As the nation grapples with another school shooting by another person with mental illness, I can’t help but think about those with dementia who exhibit violent behavior.

It’s not something a lot of people want to think about or discuss. But the truth is that those with Alzheimer’s and other dementias can become violent. My own father became physically violent towards my mother as he sank into the middle stages of Alzheimer’s.

I can only imagine what would have transpired if my mother had called the police the night that my father struck her in the jaw. His flashes of anger and paranoia were at the peak at this time. I can see him lashing out at authority. I can see him ending up like Stanley Downen.

Downen was 77 and was in the latter stages of Alzheimer’s, Reuters reported. Police were called to the nursing home he resided at because of a wandering resident. Downen had slipped outside of the facility’s gate, and staff members were trying to encourage him back in.

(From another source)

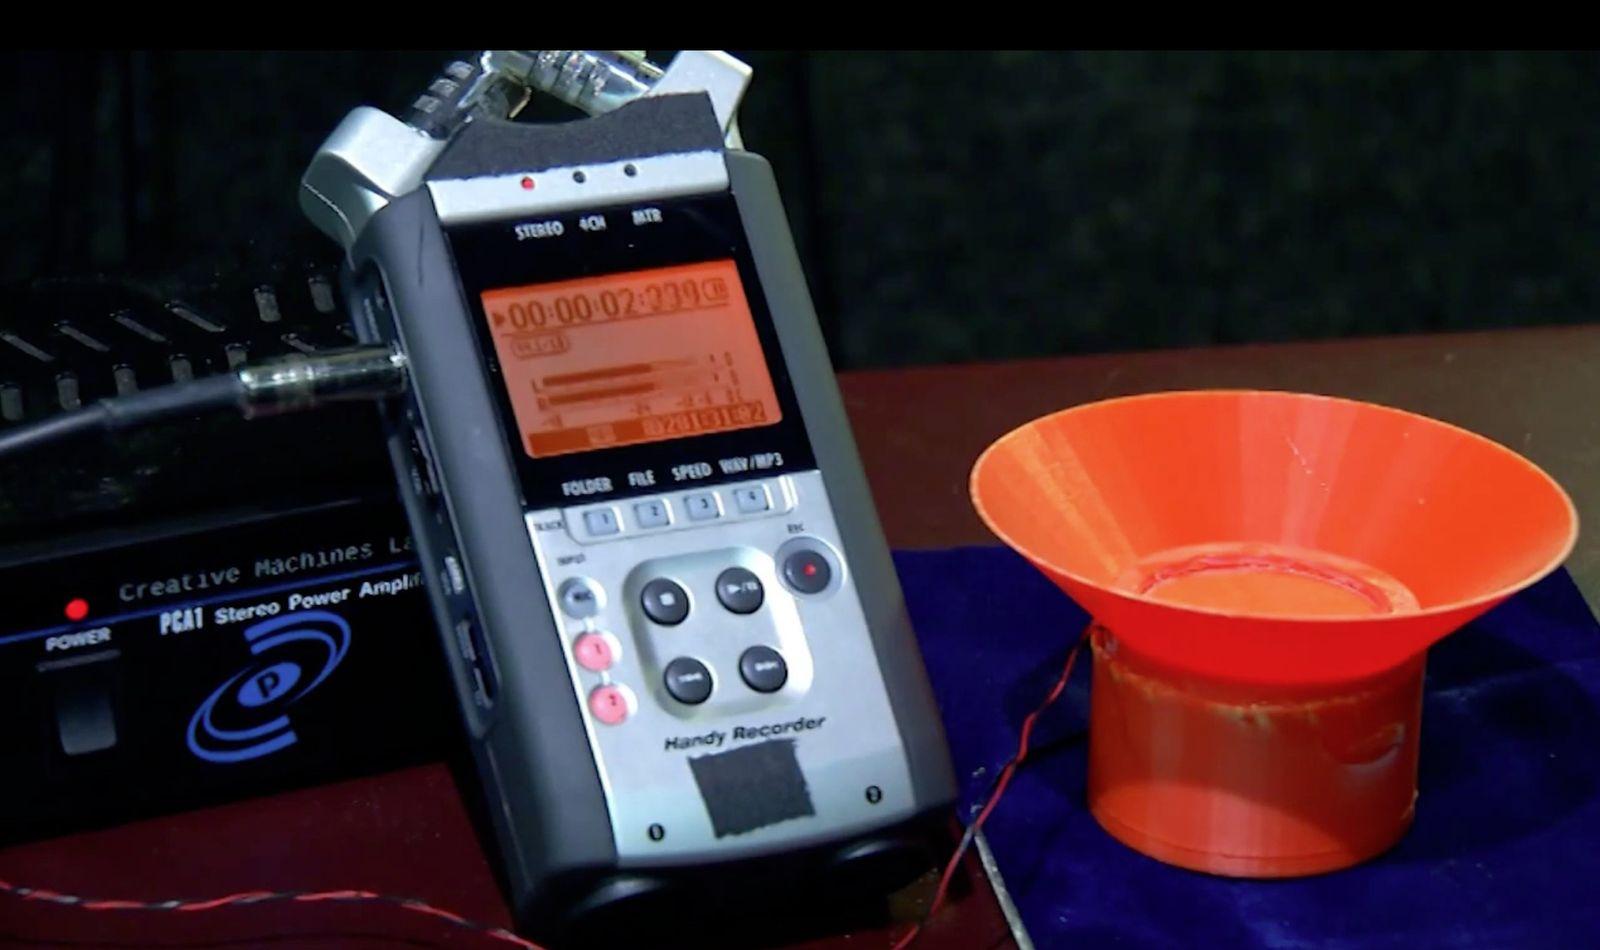 NUR ALS ZITAT Screenshot 3-D-Drucker Lautsprecher Cornell

Downen, a former iron worker who had served in the Navy, was angry and cursing.  He said he wanted to go home. He grabbed rocks from the ground, and threatened to throw them. As the officers approached, one was concerned enough about the threat that he decided to use his Taser on Downen. The older man went down quickly,  his head striking the pavement. He was taken to the hospital and never left. He died three weeks later.

There have been warnings about using Tasers and similar products on the elder population, as they are associated with a higher risk of injury and death, but the officer involved in this case claimed he never heard about the warnings. A lawsuit filed by family against the city and state was settled in the family’s favor.

It’s situations like these that are so difficult to manage. Mental illness by its vary nature is unpredictable and can unleash violent behavior. How do we show compassion for those with mental illness while protecting innocent lives? At what point is force necessary? And perhaps most importantly, how do we prevent these situations from occurring?

In the case of Mr. Downen, better security protocols and perhaps more staffing could have prevented his escape from the nursing home. Better training and established protocols could have determined a different course of action once the police were involved.

One thing seems clear to me: whether you are 18 or 80, we have to figure out a better was to manage mental illness in this country. We either bury our heads in the sand in denial or we overmedicate people into zombies. We need to open an honest dialogue on the subject and then take concrete actions based upon those discussions.